Whoa. That's a large amount of changes... Not bad at all.

> In quick testing, this new WAL format is somewhat more compact than the 9.4
> format.

Well, that's mixing different kinds of changes together to some
degree. Most of this could have been done independently as well. I'm not
generally objecting to doing that, but the space/performance comparison
isn't entirely fair. One could (I'm not!) argue that we should just do a
refactoring like you suggest above, without the additional block
information.

> That also seems to have more than bought back the performance
> regression I saw earlier.

I think we really need to do the performance test with a different CRC
implementation. So far all the tests in this thread seem to be
correlating pretty linearly to the size of the record.

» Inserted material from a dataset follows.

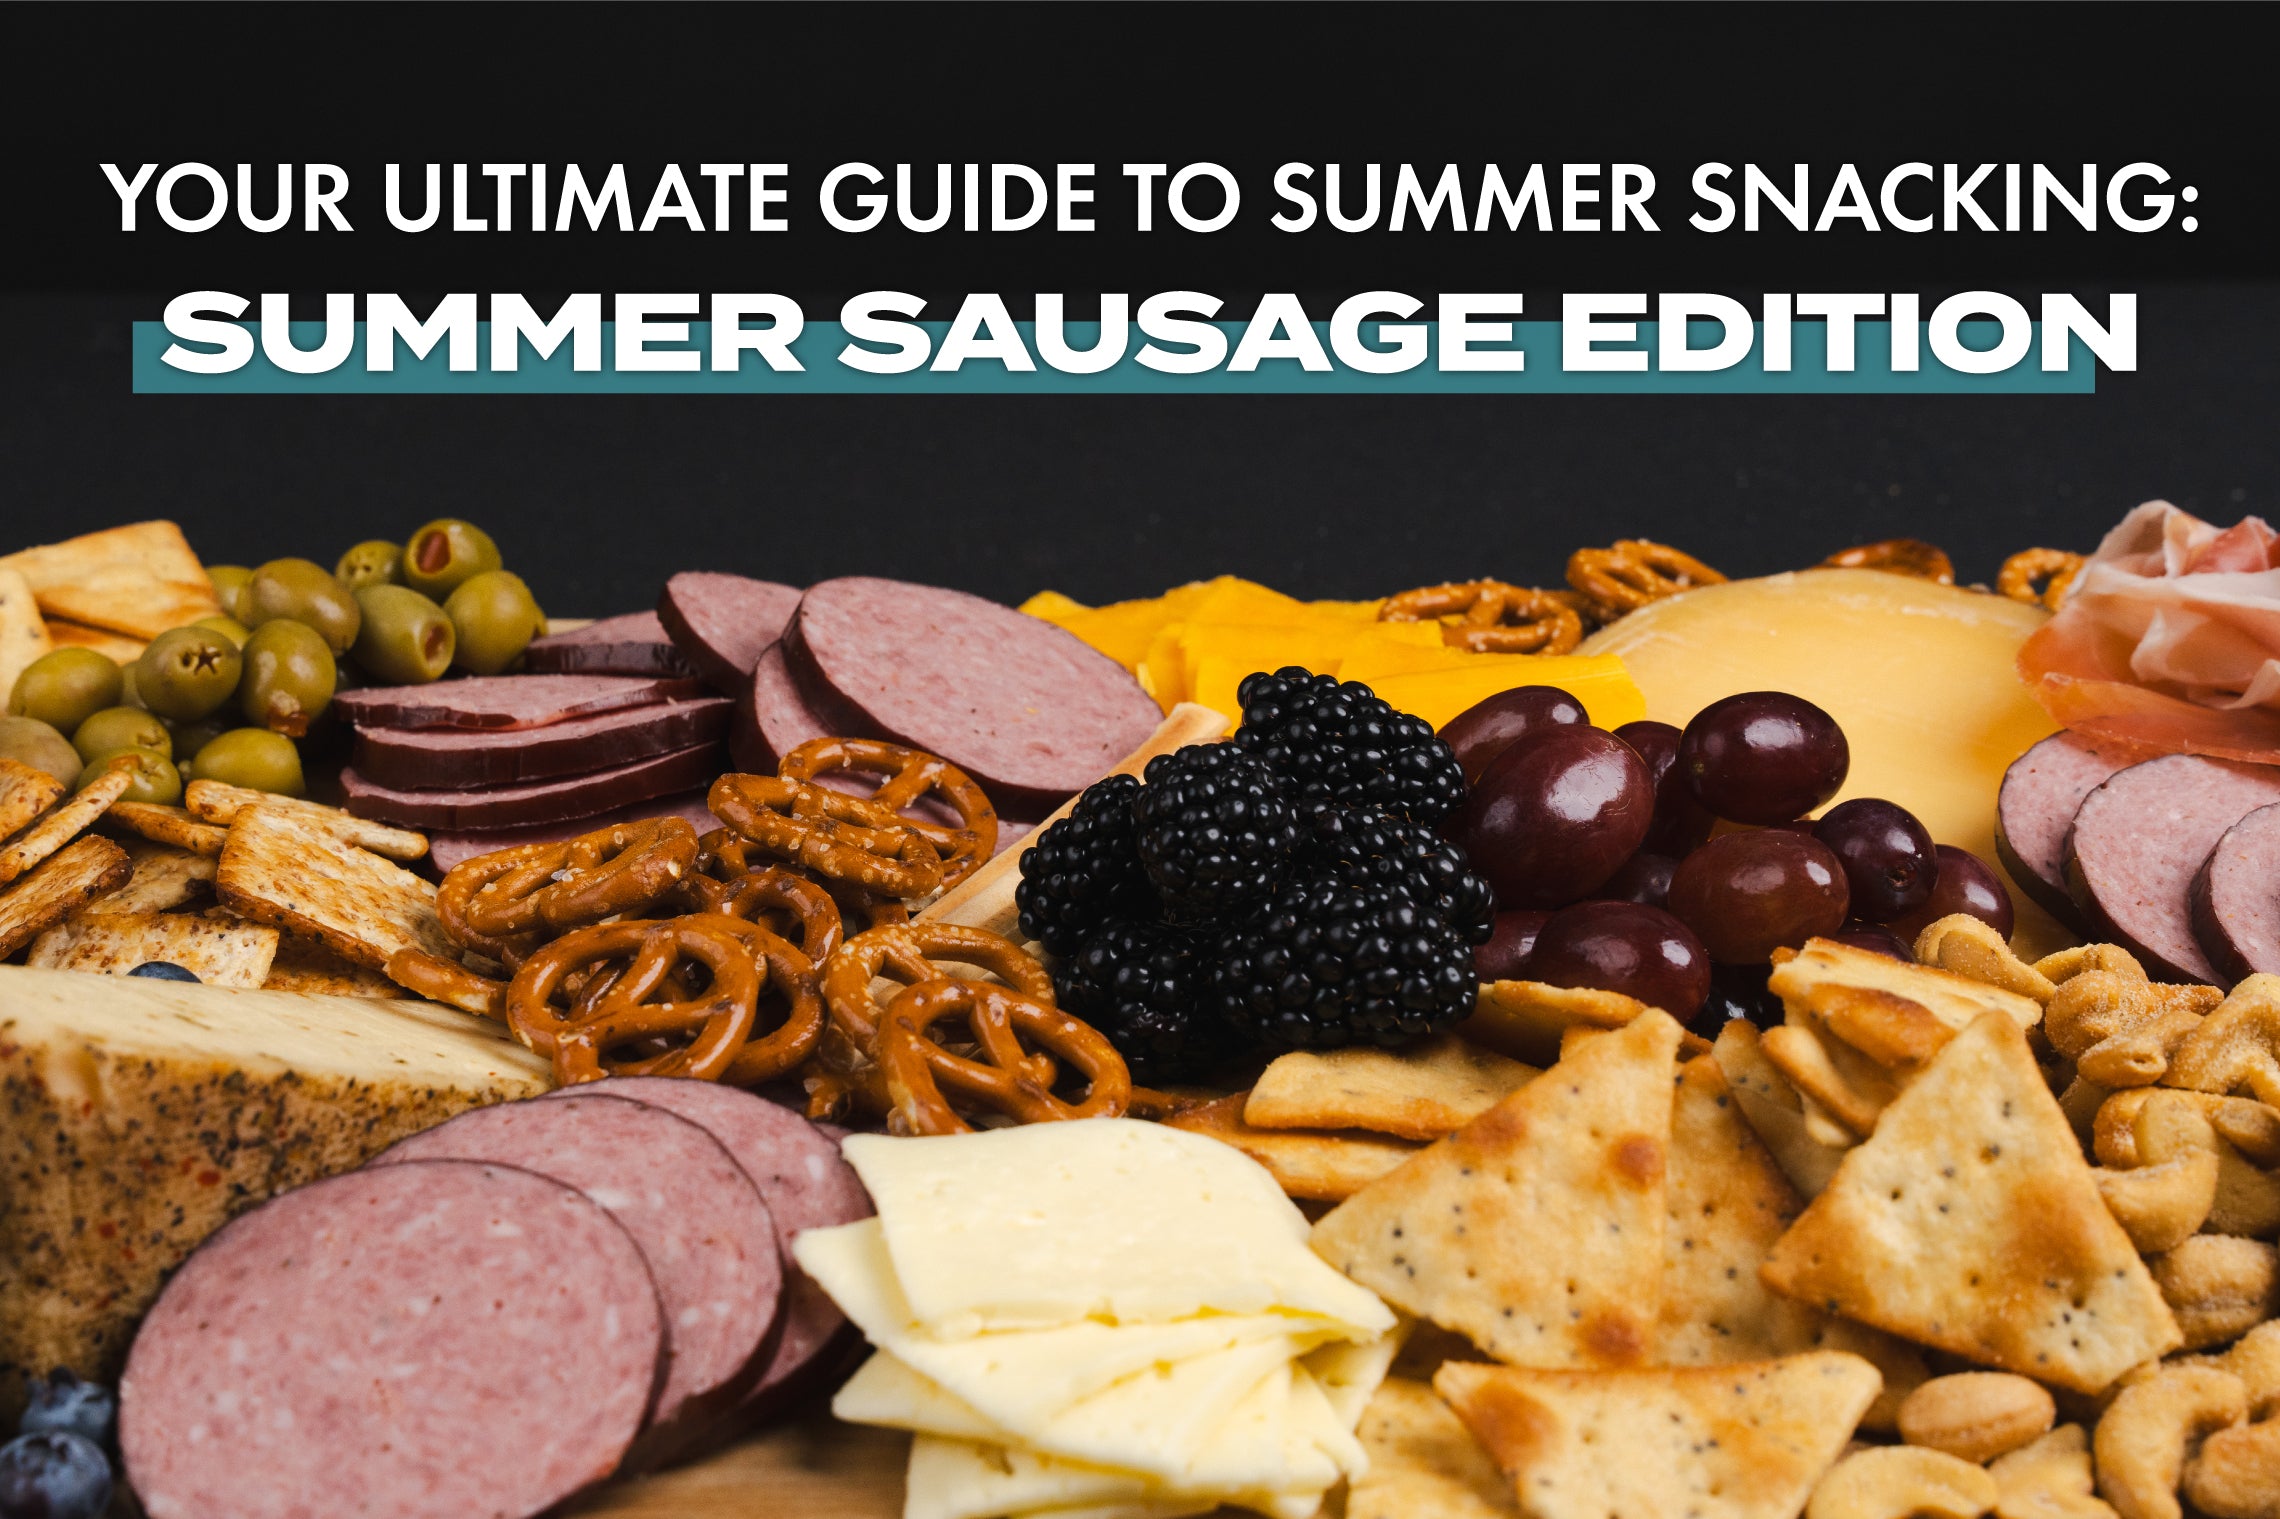 Your Ultimate Guide to Summer Snacking: Summer Sausage Edition

> Here are results from my laptop, using the wal-update-testsuite.sh script:

Would be nice if that'd also compute the differences in wal_generated
and duration between two runs... :)

> Aside from the WAL record format changes, this patch adds the "decoded WAL
> record" infrastructure that we talked about with Andres.

Ah, cool.

> XLogReader now has
> a new function, DecodeXLogRecord, which parses the block headers etc. from
> the WAL record, and copies the data chunks to aligned buffers. The redo
> routines are passed a pointer to the XLogReaderState, instead of the plain
> XLogRecord, and the redo routines can use macros and functions defined
> xlogreader.h to access the already-decoded WAL record. The new WAL record
> format is difficult to parse in a piece-meal fashion, so it really needs
> this separate decoding pass to be efficient.

Hm. I'm not sure if there's really a point in exposing
DecodeXLogRecord() outside of xlogreader.c. In which case would a
xlogreader user not want to decode the record? I.e. couldn't we just
always do that and not bother exposing the function?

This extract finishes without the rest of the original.